• **TASK INSTRUCTIONS**
Give back each record precisely, pictures excluded.

(Records from a data collection)
:::::
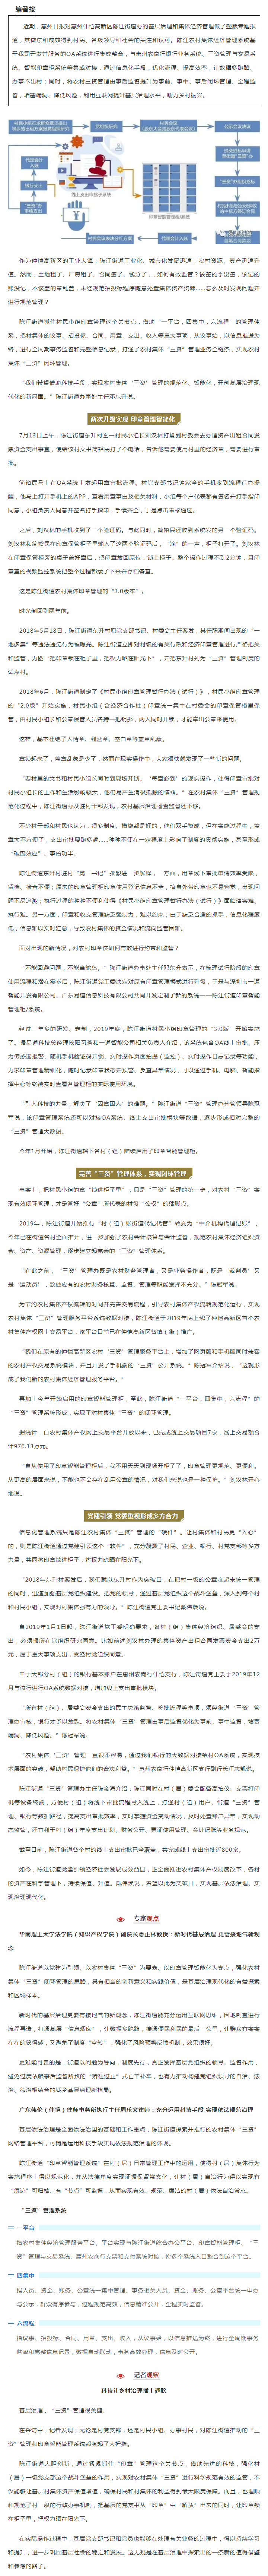 一枚印章背后的乡村治理故事--惠州日报关于陈江集体经济管理平台的深度报道
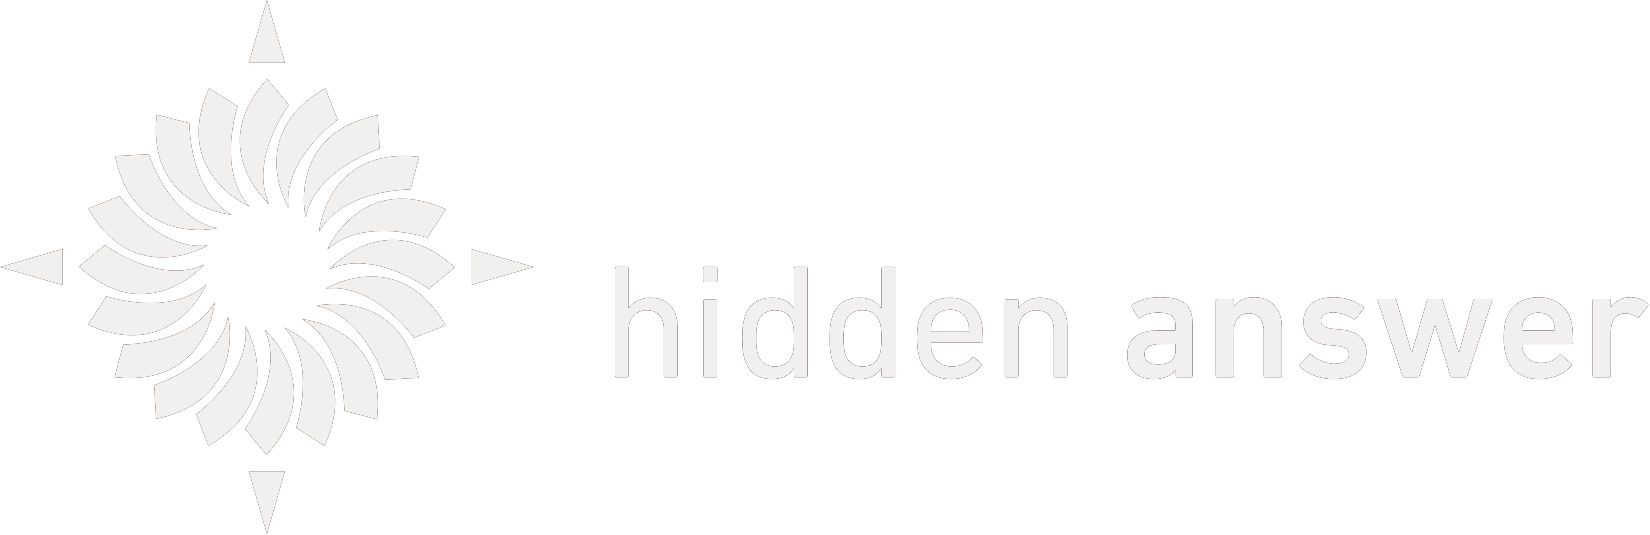 hidden answer
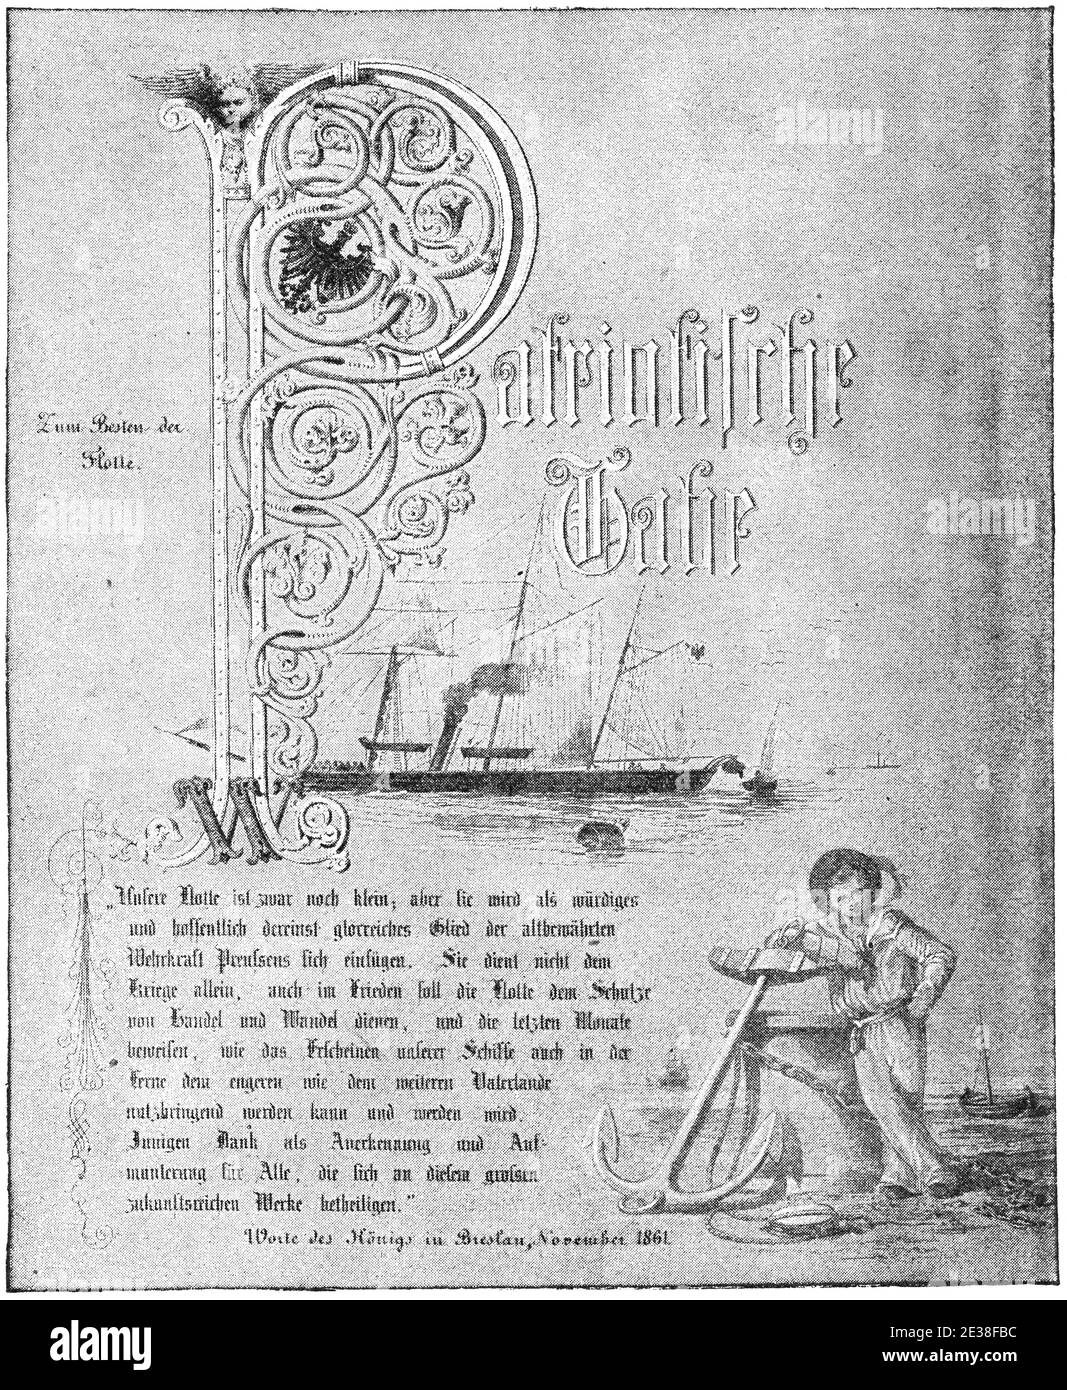 Discorso di Guglielmo i, imperatore tedesco che commemora il relitto di SMS Amazzone (1843) nel novembre 1861 al largo delle coste olandesi. Illustrazione del 19 ° secolo. Germania. Sfondo bianco. Foto Stock
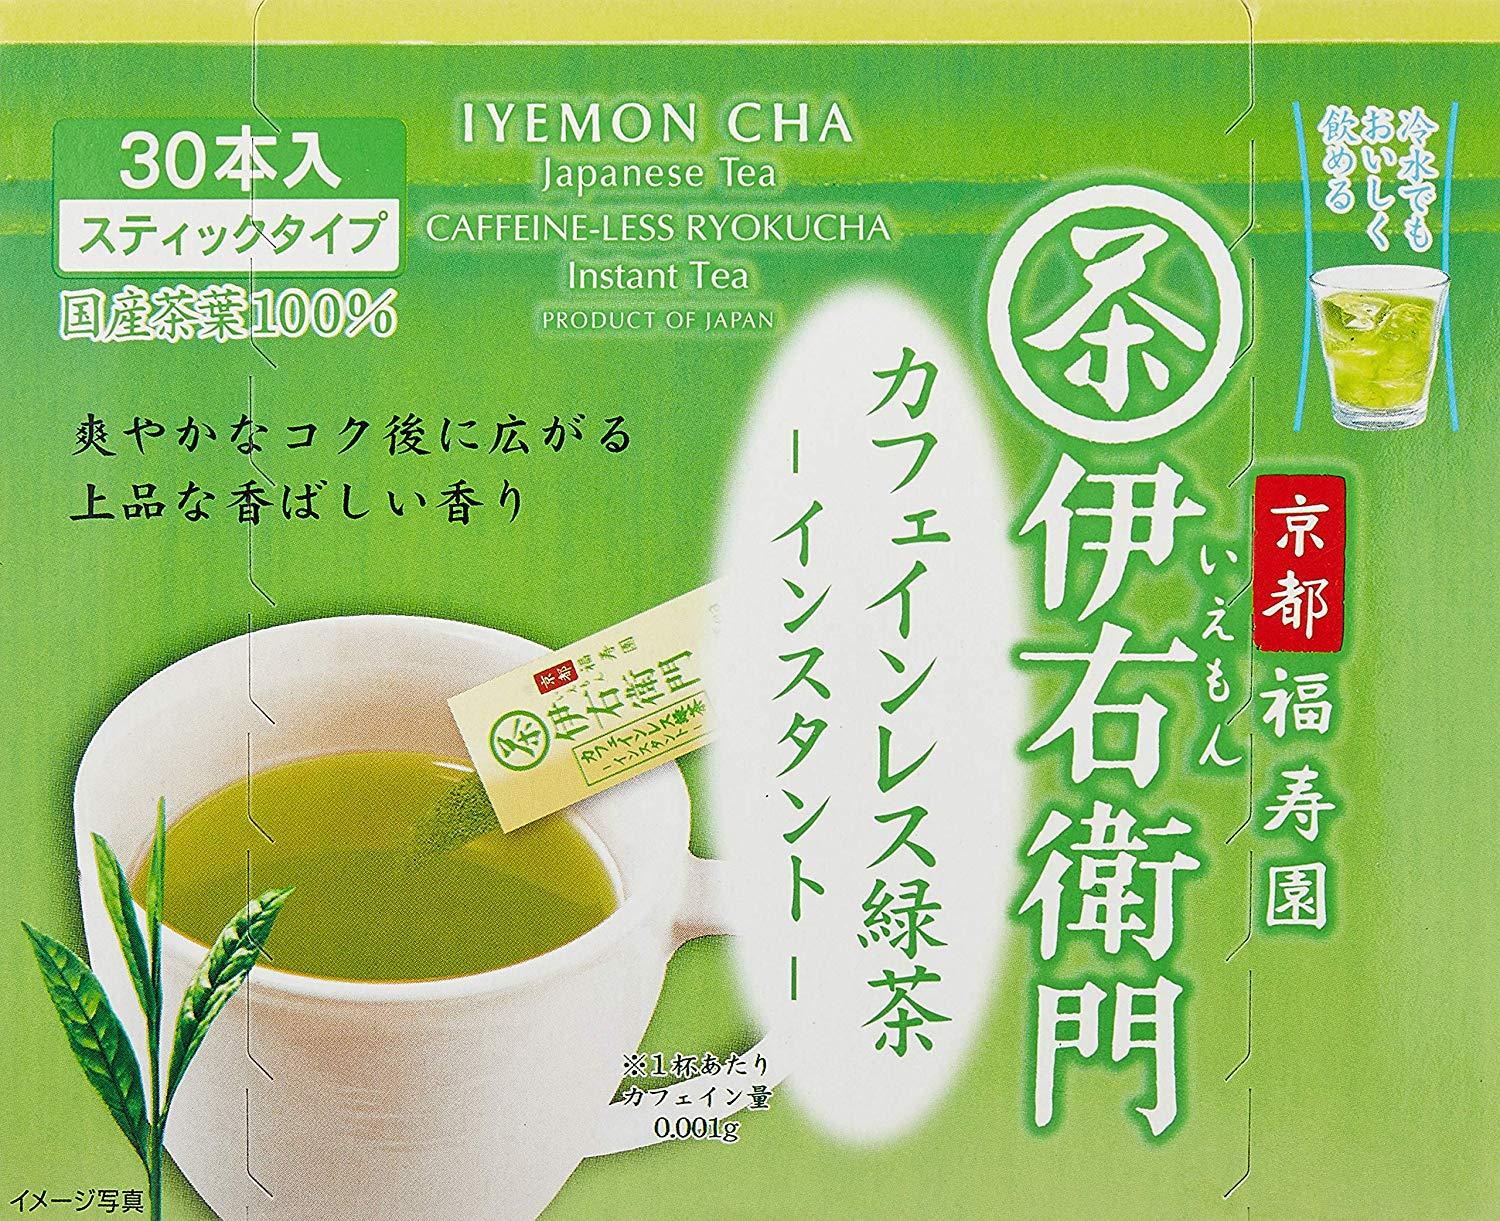  宇治の露製茶 伊右衛門 カフェインレスインスタント緑茶スティック 0.8g 1箱(30本)
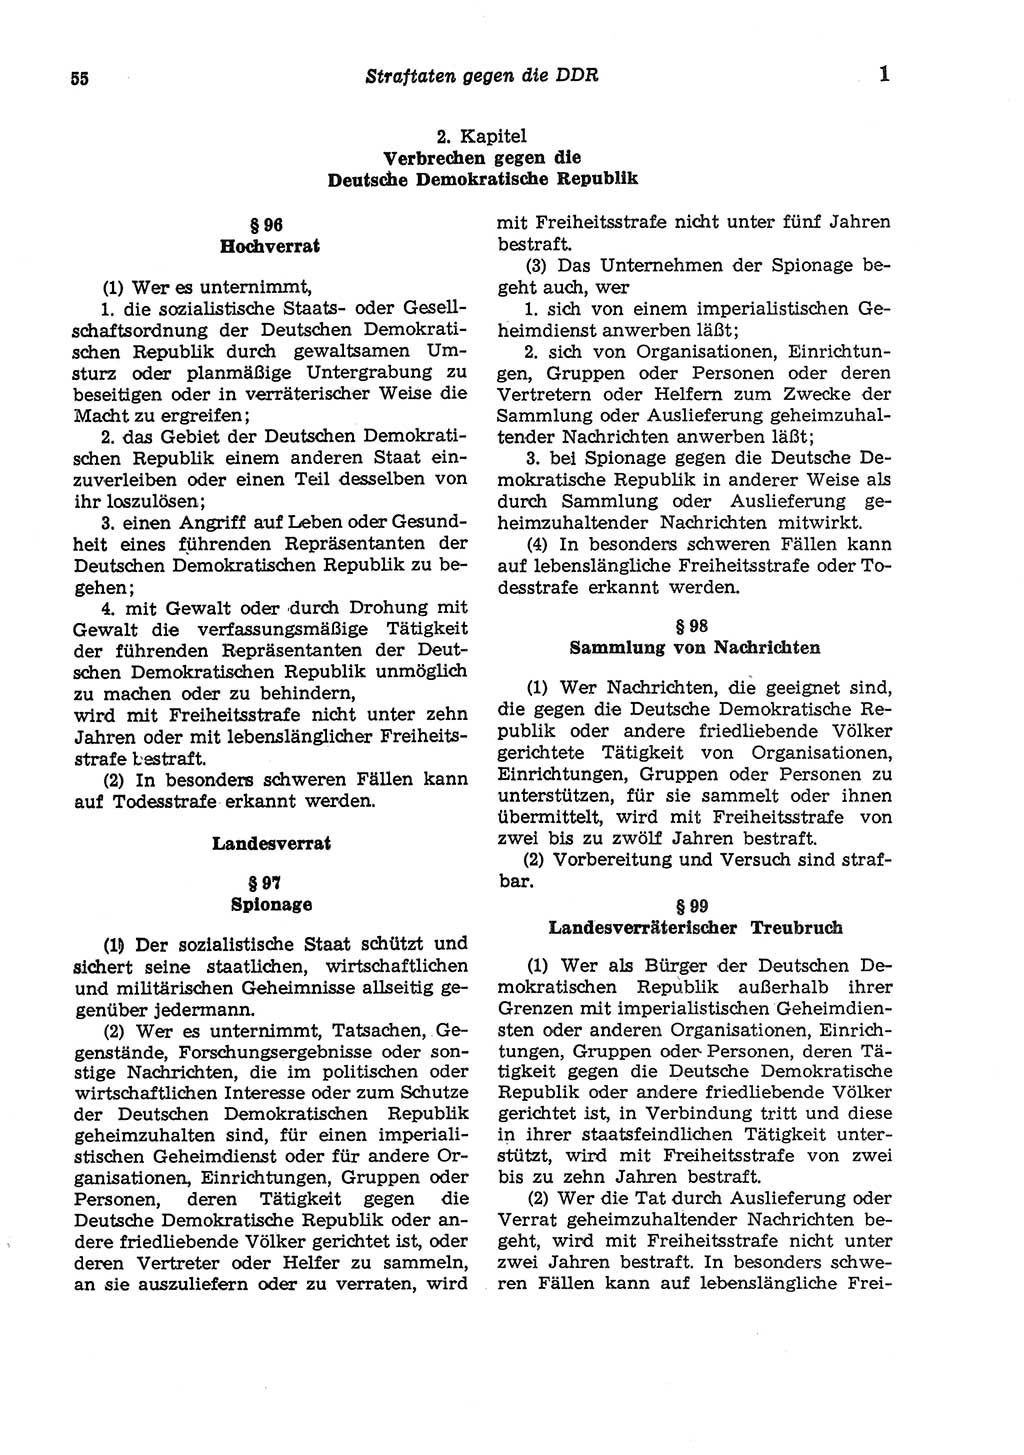 Strafgesetzbuch (StGB) der Deutschen Demokratischen Republik (DDR) und angrenzende Gesetze und Bestimmungen 1975, Seite 55 (StGB DDR Ges. Best. 1975, S. 55)
:::::
• **EXERCISE RESPONSE**
 一枚印章背后的乡村治理故事--惠州日报关于陈江集体经济管理平台的深度报道
 hidden answer
 Discorso di Guglielmo i, imperatore tedesco che commemora il relitto di SMS Amazzone (1843) nel novembre 1861 al largo delle coste olandesi. Illustrazione del 19 ° secolo. Germania. Sfondo bianco. Foto Stock
  宇治の露製茶 伊右衛門 カフェインレスインスタント緑茶スティック 0.8g 1箱(30本)
 Strafgesetzbuch (StGB) der Deutschen Demokratischen Republik (DDR) und angrenzende Gesetze und Bestimmungen 1975, Seite 55 (StGB DDR Ges. Best. 1975, S. 55)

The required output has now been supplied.